Background: There are two general categories
of drug resistance: acquired and intrinsic. The mechanisms involved
in acquired drug resistance have been extensively studied, and several
mechanisms have been described. However, the mechanisms responsible
for intrinsic drug resistance have not been elucidated, to our knowledge.
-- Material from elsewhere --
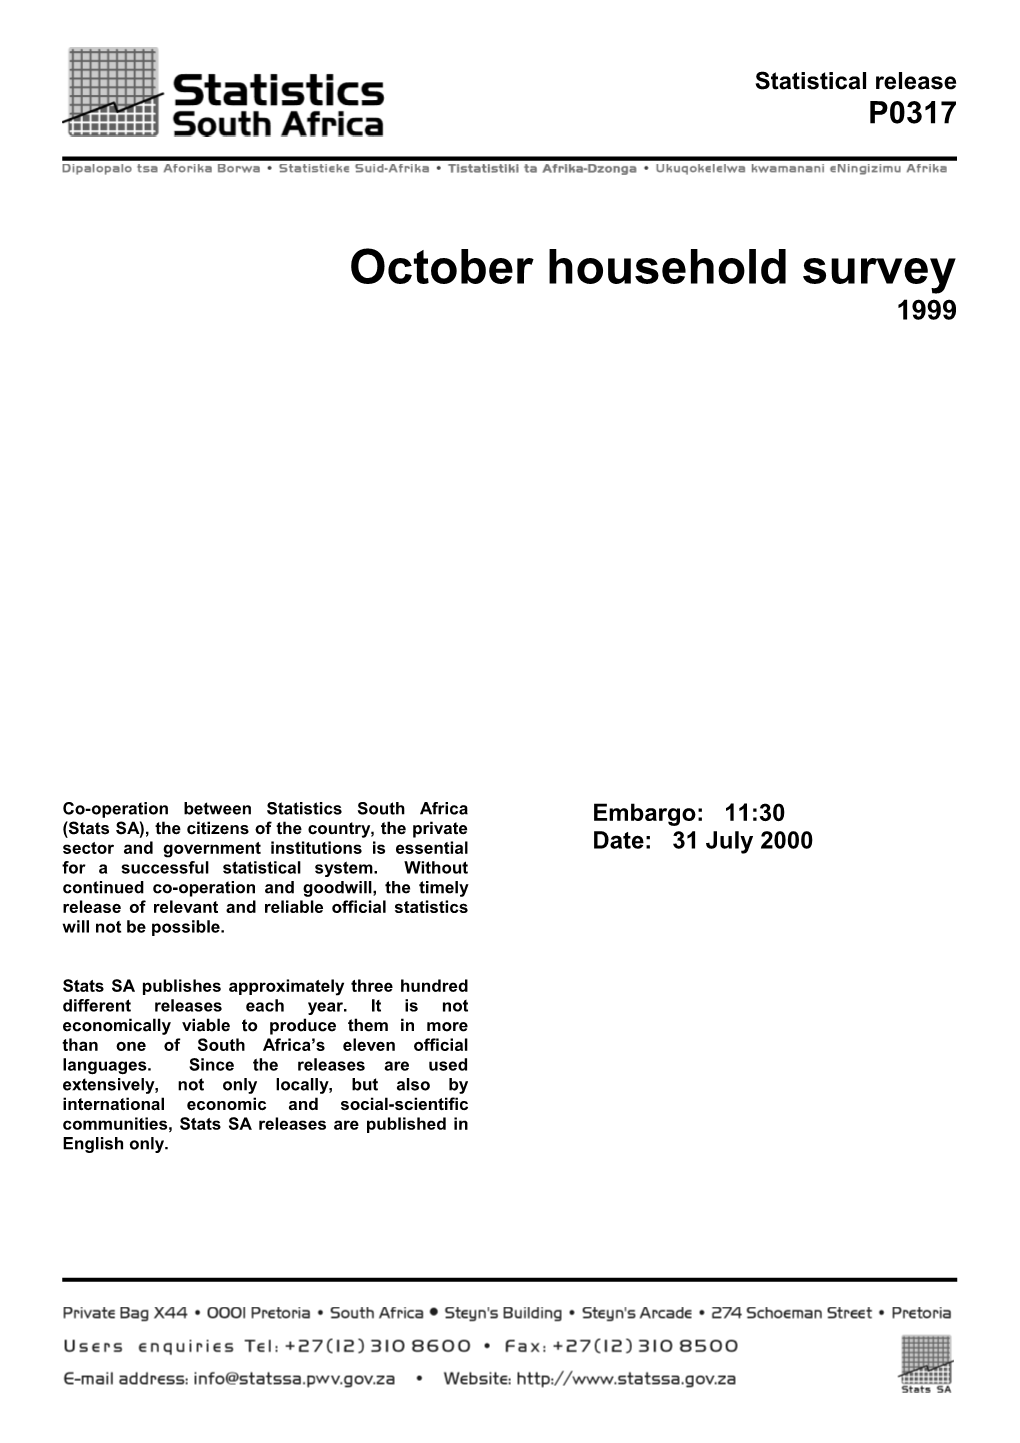 October Household Survey

The purpose of the present study was to investigate the cytological and
biochemical differences between acquired and intrinsic drug resistance
in osteosarcoma cells.
Methods: We previously isolated a clonal cell
line (MOS/ADR1) to study acquired resistance in osteosarcoma by
exposure of parental murine osteosarcoma cells (MOS) to doxorubicin.
In the present study, we cloned a new, intrinsically resistant cell
line (MOS/IR1) by single-cell culture of MOS cells and we investigated
the differences in cell phenotype and the mechanisms of resistance
in both of these resistant clones.
Results: The MOS/ADR1 and MOS/IR1 cells were
sevenfold and fivefold more resistant to doxorubicin than the parental
murine osteosarcoma cells. Morphologically, the MOS/ADR1 cell line
was composed of polygonal cells, whereas the MOS/IR1 cell line consisted
of plump spindle cells with long cytoplasmic processes. The MOS/IR1
cells showed a much lower level of alkaline phosphatase activity
than did the MOS/ADR1 and MOS cells. There were no substantial differences in
the cellular DNA content or the doubling time among these three
Overexpression of the P-glycoprotein involved in the function
of an energy-dependent drug-efflux pump was detected in the MOS/ADR1
cells but not in the MOS/IR1 cells. After the cells were incubated
with doxorubicin for one hour, the two resistant lines had less
accumulation of the drug than did the parent line (p < 0.05).
The addition of a P-glycoprotein antagonist, verapamil, or the depletion
of cellular adenosine triphosphate resulted in a marked increase
in the accumulation of doxorubicin in the MOS/ADR1 cells (p < 0.05)
but not in the MOS/IR1 cells. The MOS/ADR1 cells were found to exhibit
cross-resistance only to substrates for P-glycoprotein (such as
doxorubicin, vincristine, and etoposide), whereas the MOS/IR1 cells were
resistant to all of the drugs studied (including cisplatin and methotrexate).
The degree of drug resistance in the MOS/IR1 cells was found
to be associated with the molecular weight of the drugs (p < 0.05).
Permeabilization of the plasma membrane by saponin increased both
the accumulation of doxorubicin (p < 0.05) and the cytotoxic
activity of this drug in all lines, but the effects were most pronounced
in the MOS/IR1 cells.
Conclusions: Taken together, this data suggests
that reduced drug accumulation in the MOS/IR1 cells may be due to
the effect of decreased permeability of the plasma membrane on the
transport of drugs from the extracellular environment into the cytosol
of the cell and that this may be the mechanism responsible for intrinsic
resistance to multiple drugs in the MOS/IR1 cell line.
Clinical Relevance: Current drug treatment for
human osteosarcoma may include multiple chemotherapeutic agents, such
as doxorubicin, cisplatin, and methotrexate. These drugs exhibit
different cytotoxic actions and, thus, the mechanisms of resistance
to individual drugs vary. Clinical resistance to multidrug chemotherapy
may be observed in tumors that recur after repetitive chemotherapy
and in previously untreated tumors. In the former group, a tumor cell
may express multidrug resistance by combining several different
mechanisms due to its exposure to various drugs. In the latter group,
however, this is not likely. Decreased intracellular drug accumulation
due to reduced permeability of the plasma membrane, found in the
MOS/IR1 cells, is one possible mechanism and may explain the intrinsic
resistance to multidrug chemotherapy for the treatment of osteosarcoma.
Further study regarding the resistance mechanism in the MOS/IR1 cells
may help to overcome the intrinsic drug resistance in osteosarcoma.